In a new report, Moody’s Investors Service says the use of captives is influencing in a negative way the view of capital adequacy of stock insurers.
“Use of captives can lead to complex corporate structures and reduced financial transparency, both credit negatives,” Moody’s says in the new report.
The report said that life reinsurers are the most prominent users of captives. The report also made clear that mutual life insurance companies, “immune from shareholder pressures to improve returns on capital, are noticeably absent from the list of insurers using captives.”
The Moody’s report said captives help life insurers manage the regulatory volatility of reserve and capital requirements associated with variable annuity guarantees. Although U.S. statutory reporting has more of a focus on balance sheets than income statements, there are also some statutory income benefits, according to Scott Robinson, a senior vice president at Moody’s and author of the report.
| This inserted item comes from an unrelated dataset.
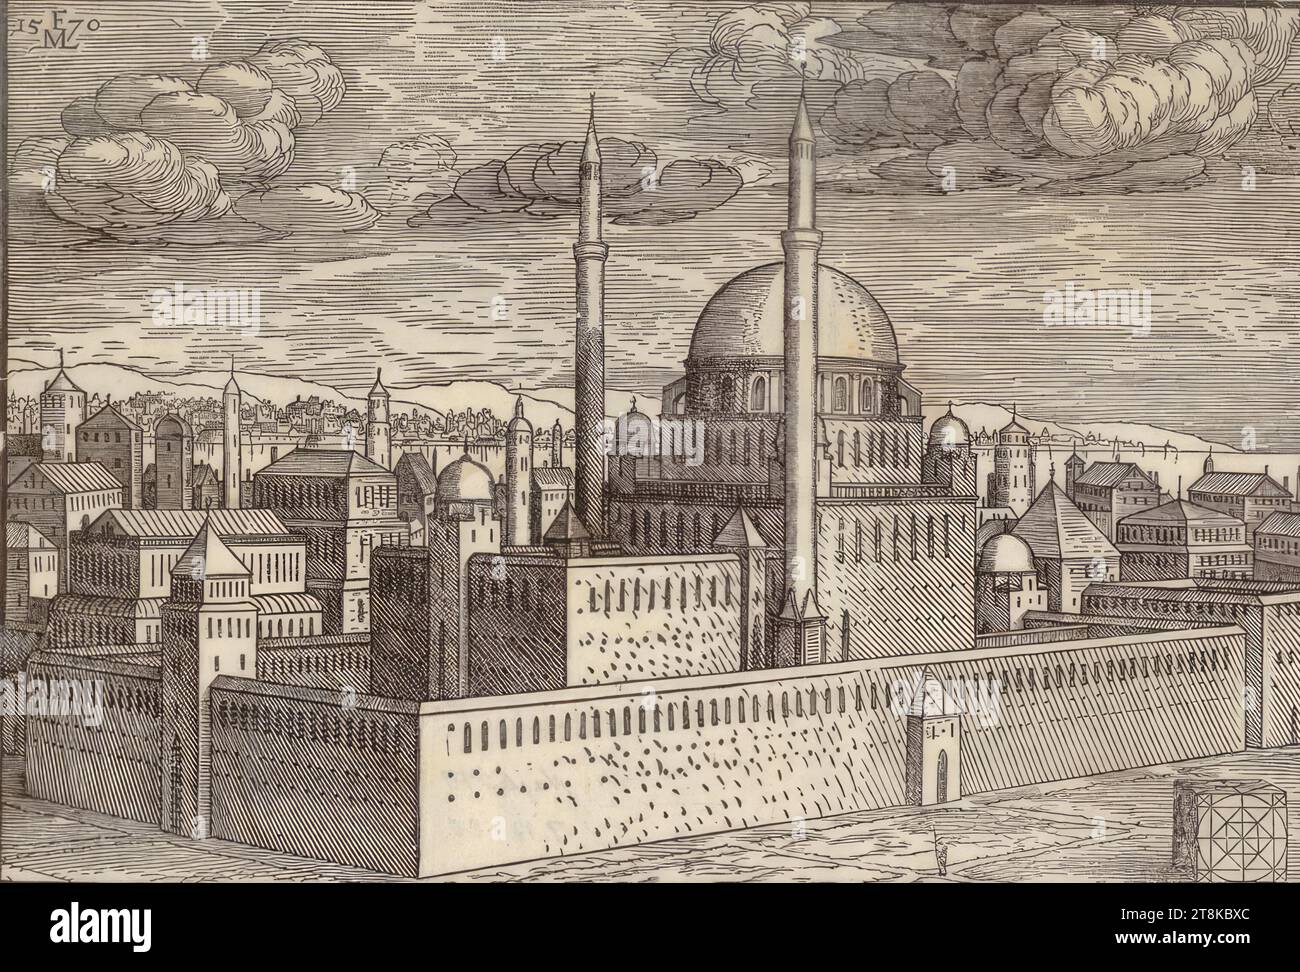 A Turkish city, divided into two halves by the river, well-crafted and cut figures Anno 1619, Melchior Lorch, Flensburg around 1527 - after 1583 Copenhagen, Rome or Hamburg, 1570, print, woodcut, sheet: 18 x 25.7cm Stock Photo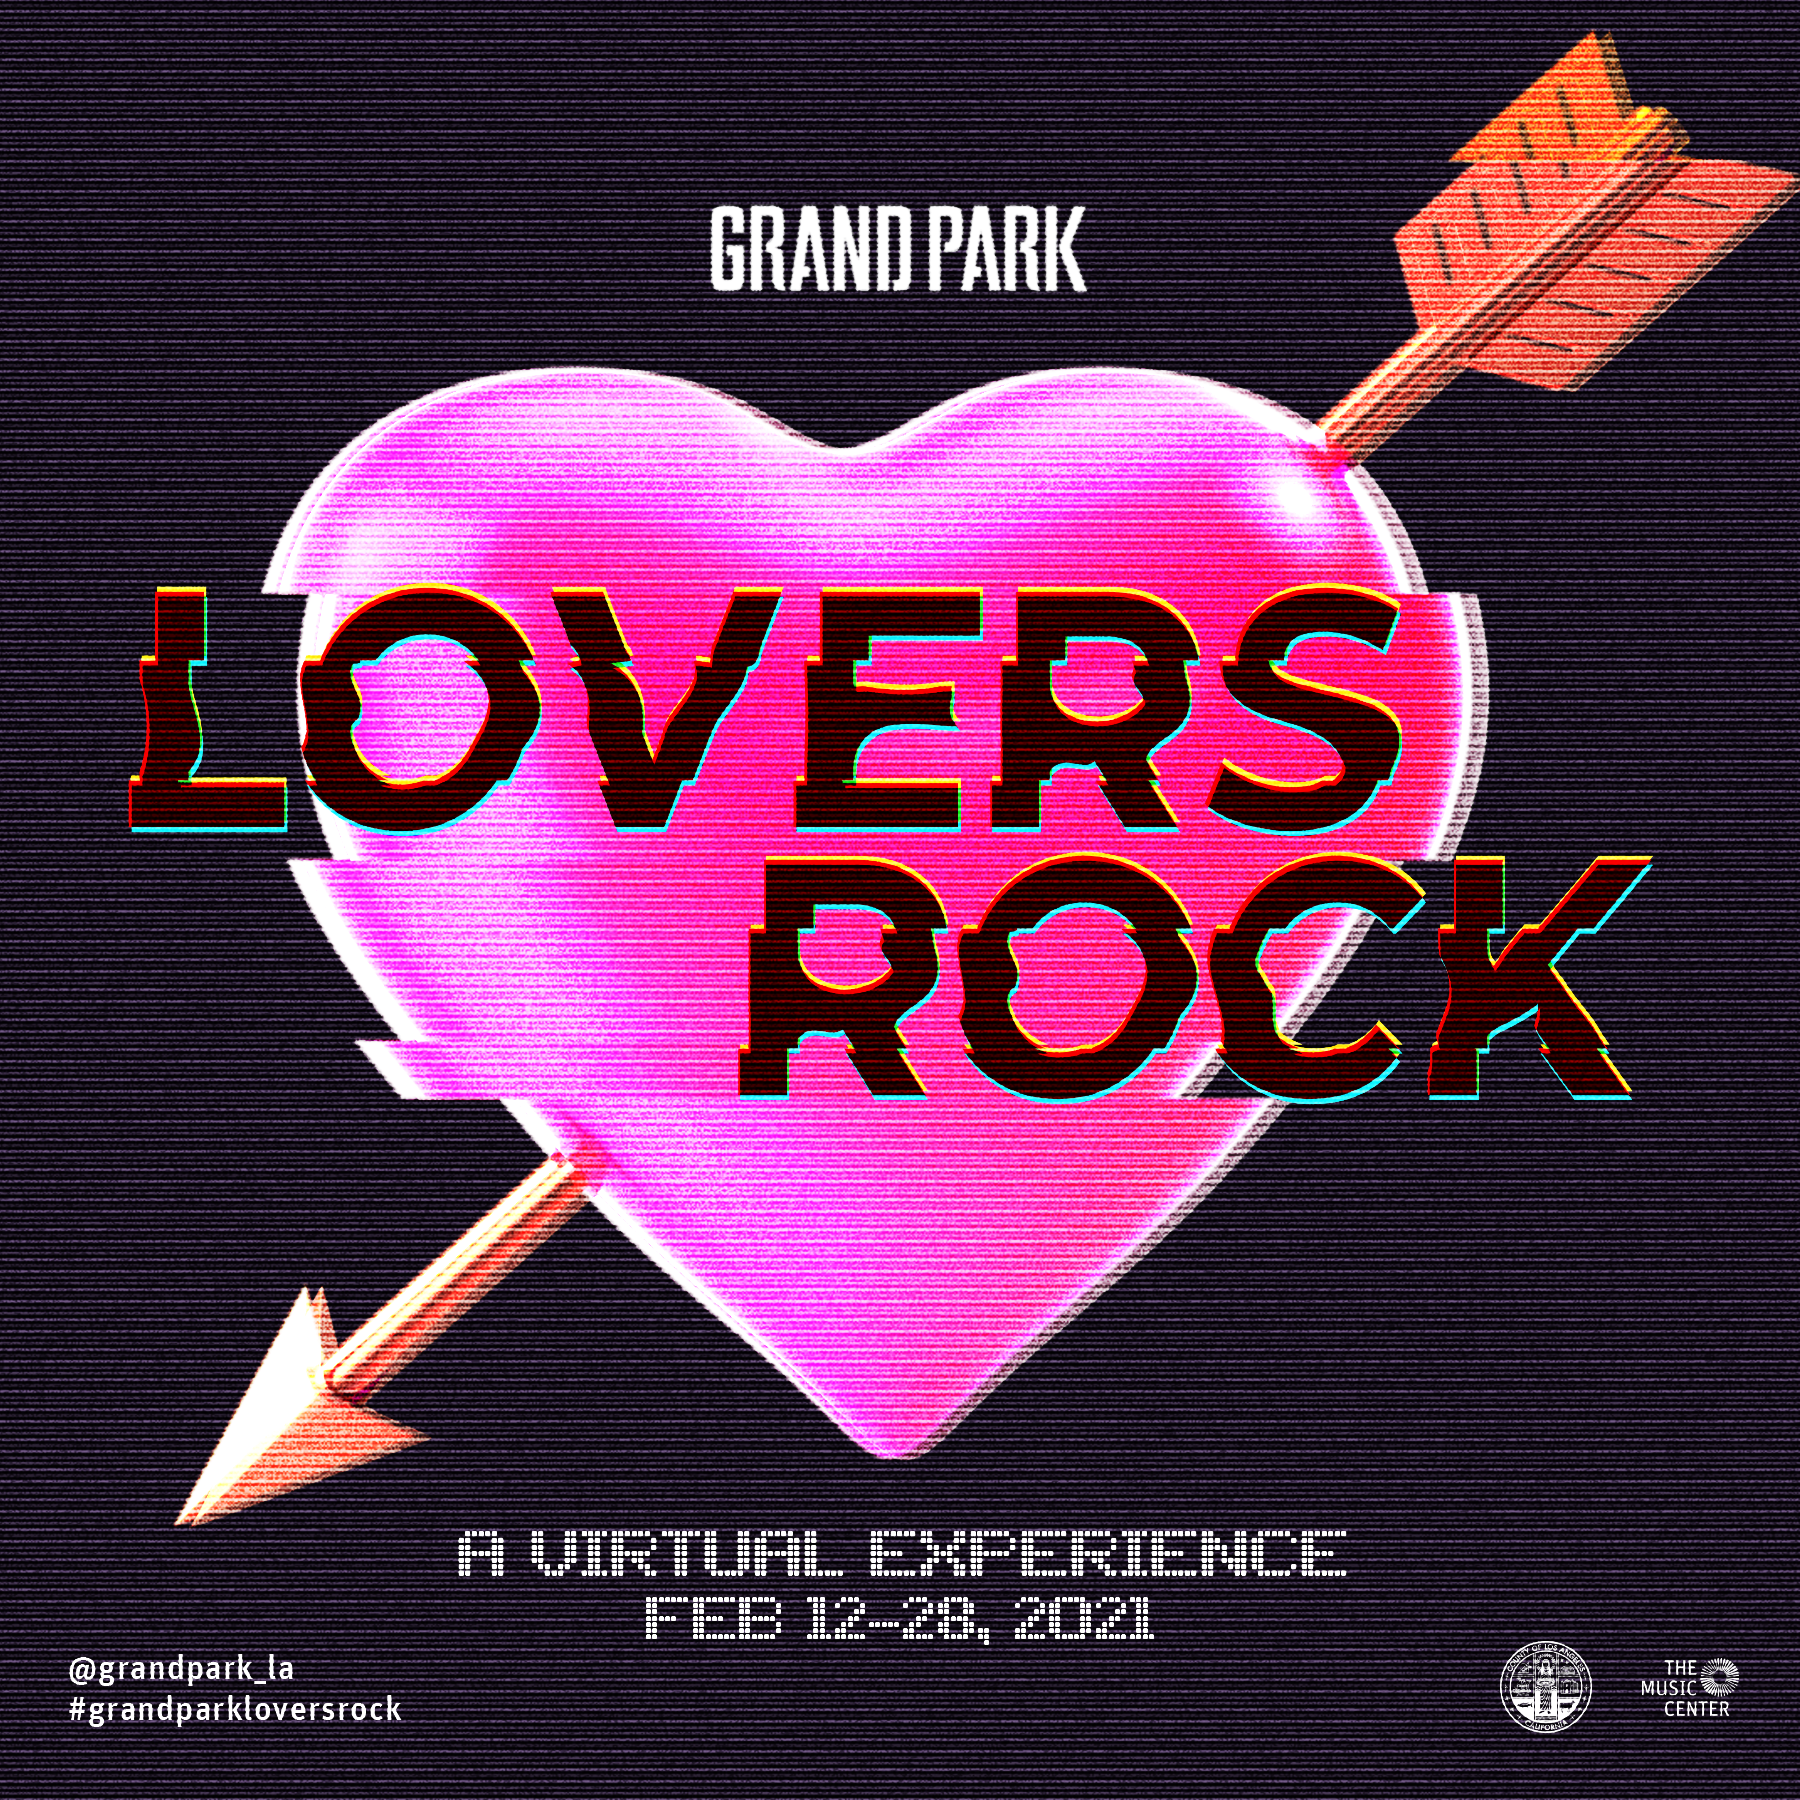 Grand Park Lovers Rock A Virtual Experience February 12-28, 2021

“These practices undermine the conservatism U.S. regulators have embedded in their reserving and capital regimes,” Robinson said in the report.
He said life insurers use captives because it enables them to operate in jurisdictions with weaker regulatory standards, both inside and outside the U.S. “This facilitates their ability to operate more freely, with less scrutiny over activities such as investment risk, Robinson said.
In seeking to explain the reason for rating agencies’ concern, Moody’s analysts calculate that use of captives in the aggregate equates to approximately 85 percent of industry capital and surplus.
“In aggregate, a greater reliance on captives by the industry creates overall negative credit pressure, and these practices undermine the conservatism U.S. regulators have embedded in their reserving and capital regimes,” Robinson said.
Robinson explained his concerns about the overall impact by saying that as of the end of 2012, the life industry reported approximately $169 billion of general account reserve credit for business ceded to unauthorized affiliates. Additionally, life insurers had entered into about $155 billion of modified coinsurance (modco) treaties on general account business with unauthorized affiliates, the report said.
While modco transactions do not provide reserve relief, they provide some capital benefits to the ceding company, Robinson said. Hence, in total, the industry received more than $324 billion, or approximately 12 percent of total reserves, of “relief” in aggregate, he said.